▸ **Aim of the task**: What is needed here is an exact copy of every record below.
BEGIN Provided information
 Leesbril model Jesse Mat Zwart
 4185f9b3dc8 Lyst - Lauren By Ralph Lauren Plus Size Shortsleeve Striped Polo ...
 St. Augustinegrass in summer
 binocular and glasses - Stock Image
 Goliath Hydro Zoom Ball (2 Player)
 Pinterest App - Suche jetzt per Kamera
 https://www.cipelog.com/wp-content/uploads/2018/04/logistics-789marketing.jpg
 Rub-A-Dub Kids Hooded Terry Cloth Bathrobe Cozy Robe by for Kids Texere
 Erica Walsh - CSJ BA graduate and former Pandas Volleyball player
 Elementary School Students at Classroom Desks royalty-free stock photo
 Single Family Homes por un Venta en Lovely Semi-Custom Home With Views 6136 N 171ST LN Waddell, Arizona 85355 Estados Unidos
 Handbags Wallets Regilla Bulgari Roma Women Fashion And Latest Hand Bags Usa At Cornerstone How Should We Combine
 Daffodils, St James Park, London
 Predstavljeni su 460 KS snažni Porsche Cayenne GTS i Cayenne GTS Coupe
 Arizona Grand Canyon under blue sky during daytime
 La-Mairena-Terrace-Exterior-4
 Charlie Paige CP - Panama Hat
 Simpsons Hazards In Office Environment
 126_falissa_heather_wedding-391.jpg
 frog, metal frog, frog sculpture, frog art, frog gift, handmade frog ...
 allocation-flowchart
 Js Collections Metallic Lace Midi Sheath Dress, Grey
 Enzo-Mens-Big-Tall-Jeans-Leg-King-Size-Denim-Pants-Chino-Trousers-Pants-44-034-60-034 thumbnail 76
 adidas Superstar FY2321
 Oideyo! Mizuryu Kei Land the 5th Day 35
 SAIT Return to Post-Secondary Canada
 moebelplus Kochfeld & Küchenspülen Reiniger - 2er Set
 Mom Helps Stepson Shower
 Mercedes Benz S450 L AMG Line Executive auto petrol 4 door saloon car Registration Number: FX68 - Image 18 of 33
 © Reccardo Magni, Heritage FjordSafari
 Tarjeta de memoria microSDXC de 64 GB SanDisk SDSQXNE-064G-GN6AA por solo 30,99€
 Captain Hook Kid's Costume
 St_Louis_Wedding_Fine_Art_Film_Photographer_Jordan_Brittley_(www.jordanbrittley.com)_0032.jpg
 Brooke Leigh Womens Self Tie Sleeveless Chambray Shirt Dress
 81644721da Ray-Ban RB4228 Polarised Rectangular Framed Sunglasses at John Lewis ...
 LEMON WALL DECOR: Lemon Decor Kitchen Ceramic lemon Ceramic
END Provided information
▸ **Result**:
 Leesbril model Jesse Mat Zwart
 4185f9b3dc8 Lyst - Lauren By Ralph Lauren Plus Size Shortsleeve Striped Polo ...
 St. Augustinegrass in summer
 binocular and glasses - Stock Image
 Goliath Hydro Zoom Ball (2 Player)
 Pinterest App - Suche jetzt per Kamera
 https://www.cipelog.com/wp-content/uploads/2018/04/logistics-789marketing.jpg
 Rub-A-Dub Kids Hooded Terry Cloth Bathrobe Cozy Robe by for Kids Texere
 Erica Walsh - CSJ BA graduate and former Pandas Volleyball player
 Elementary School Students at Classroom Desks royalty-free stock photo
 Single Family Homes por un Venta en Lovely Semi-Custom Home With Views 6136 N 171ST LN Waddell, Arizona 85355 Estados Unidos
 Handbags Wallets Regilla Bulgari Roma Women Fashion And Latest Hand Bags Usa At Cornerstone How Should We Combine
 Daffodils, St James Park, London
 Predstavljeni su 460 KS snažni Porsche Cayenne GTS i Cayenne GTS Coupe
 Arizona Grand Canyon under blue sky during daytime
 La-Mairena-Terrace-Exterior-4
 Charlie Paige CP - Panama Hat
 Simpsons Hazards In Office Environment
 126_falissa_heather_wedding-391.jpg
 frog, metal frog, frog sculpture, frog art, frog gift, handmade frog ...
 allocation-flowchart
 Js Collections Metallic Lace Midi Sheath Dress, Grey
 Enzo-Mens-Big-Tall-Jeans-Leg-King-Size-Denim-Pants-Chino-Trousers-Pants-44-034-60-034 thumbnail 76
 adidas Superstar FY2321
 Oideyo! Mizuryu Kei Land the 5th Day 35
 SAIT Return to Post-Secondary Canada
 moebelplus Kochfeld & Küchenspülen Reiniger - 2er Set
 Mom Helps Stepson Shower
 Mercedes Benz S450 L AMG Line Executive auto petrol 4 door saloon car Registration Number: FX68 - Image 18 of 33
 © Reccardo Magni, Heritage FjordSafari
 Tarjeta de memoria microSDXC de 64 GB SanDisk SDSQXNE-064G-GN6AA por solo 30,99€
 Captain Hook Kid's Costume
 St_Louis_Wedding_Fine_Art_Film_Photographer_Jordan_Brittley_(www.jordanbrittley.com)_0032.jpg
 Brooke Leigh Womens Self Tie Sleeveless Chambray Shirt Dress
 81644721da Ray-Ban RB4228 Polarised Rectangular Framed Sunglasses at John Lewis ...
 LEMON WALL DECOR: Lemon Decor Kitchen Ceramic lemon Ceramic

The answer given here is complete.